Choose the 4070 Super if you game at 1440p, want strong performance with room to spare, and value the 12GB buffer and wider bus for longevity. It is the better all-round card.

For anyone planning to keep their GPU for several years or aiming above 1080p, the extra spend is well justified by the meaningful performance and headroom it provides.

It is also the more comfortable long-term choice for anyone unsure of their future monitor plans, since it handles both 1080p and 1440p with ease and leaves room to grow into a higher-resolution display later.

Pros and Cons Recap

Here is the trade-off summary for both cards.

RTX 4060 Ti pros: low price, very efficient at 160W, capable 1080p, 16GB option available. Cons: 128-bit bus, 8GB model can choke at 1440p, weaker raw performance. RTX 4070 Super pros: strong 1440p, 12GB VRAM, wider bus, better value per frame. Cons: higher price, higher 220W draw than the 4060 Ti.

Frequently Asked Questions

Quick answers to the questions buyers most often ask when choosing between the 4060 Ti and the 4070 Super.

Is the 4070 Super worth the extra money over the 4060 Ti?

For 1440p gaming, yes. The 4070 Super delivers a performance jump larger than the price gap suggests, along with more VRAM and bandwidth.

For strict 1080p budgets, the 4060 Ti can be enough, particularly in its 16GB form for texture-heavy games.

If your budget allows the step up and you intend to keep the card for several years, the 4070 Super is the safer long-term investment, since its broader capability stays comfortable as games grow heavier.
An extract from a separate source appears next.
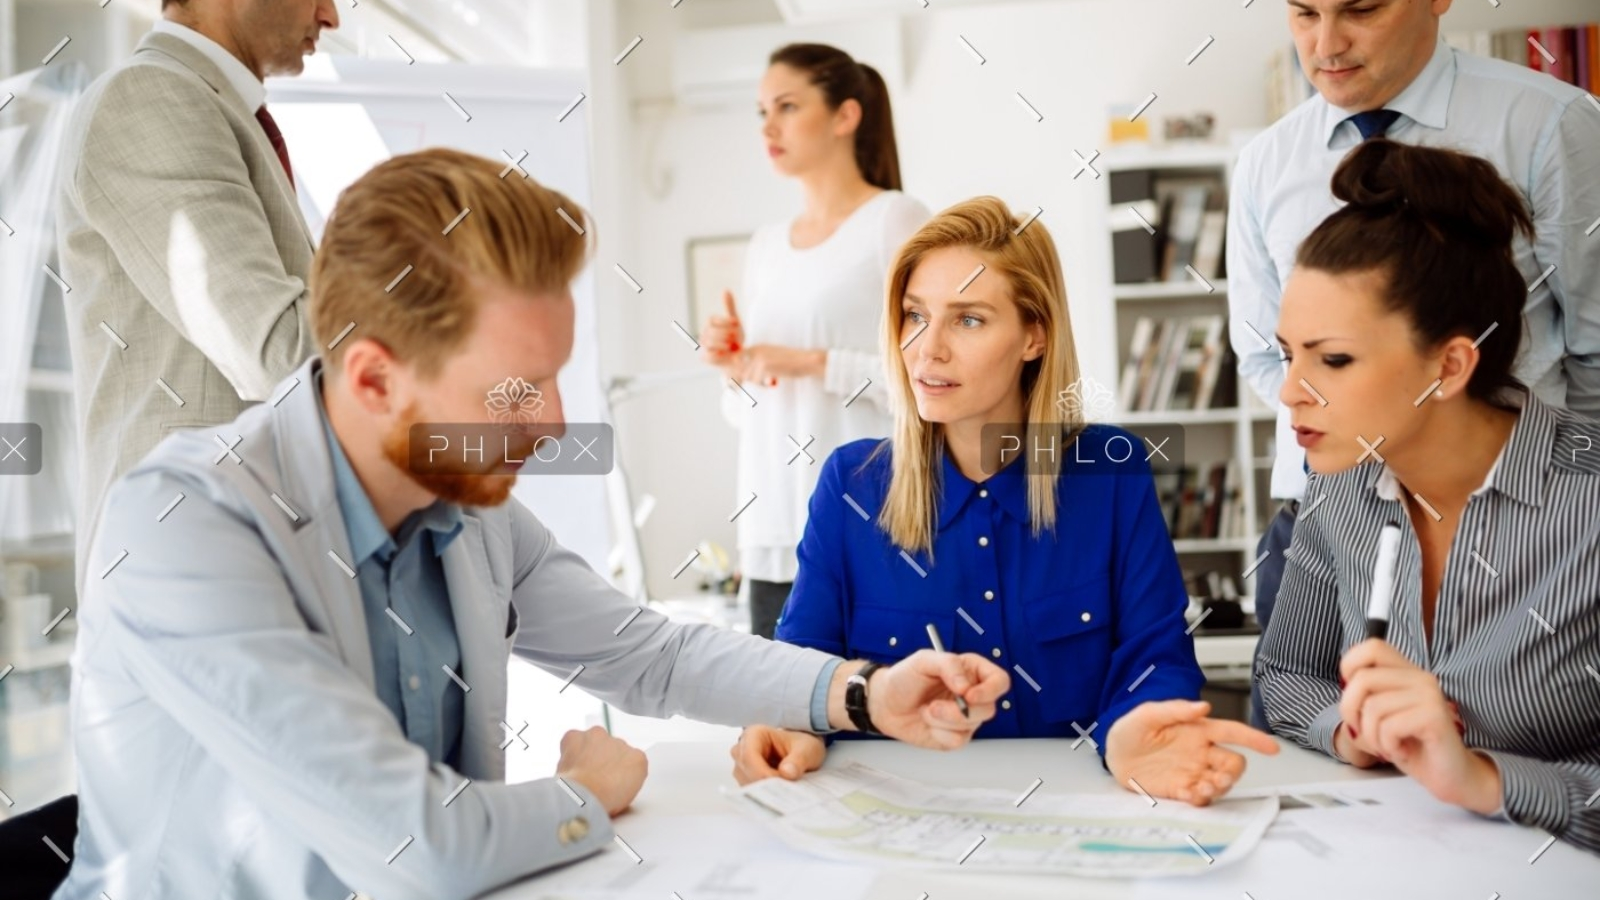 demo-attachment-639-succesful-businesswoman-ceo-of-company-3CKFHZV

Should I buy the 8GB or 16GB 4060 Ti?

The 16GB version is the safer pick for modern titles, modding, or any 1440p ambitions, since 8GB can run short and cause stutter.

The 8GB model only makes sense for pure 1080p gaming on the tightest budget where every dollar counts.

As a simple rule, only choose the 8GB model if you are confident you will stay at 1080p for the entire life of the card and avoid heavy texture mods.

Can the 4060 Ti handle 1440p gaming?

It can, but as a high-settings rather than ultra card, often needing DLSS or trimmed settings in the most demanding games.

The 4070 Super is the more comfortable 1440p choice and the better option if that resolution is your main goal.

Setting it to high presets with DLSS enabled is the practical way to enjoy 1440p on the 4060 Ti without frustration.

In the 4060 Ti vs 4070 Super comparison, the 4070 Super is the stronger and more future-ready card, clearly the pick for 1440p gaming and longevity, while the 4060 Ti holds its place as a budget 1080p option, especially in its 16GB form. With component prices trending upward, the value-conscious move is to choose the card that fits your resolution and buy it at a fair price now, and for most gamers stepping up to 1440p, the 4070 Super is the upgrade that pays off over time.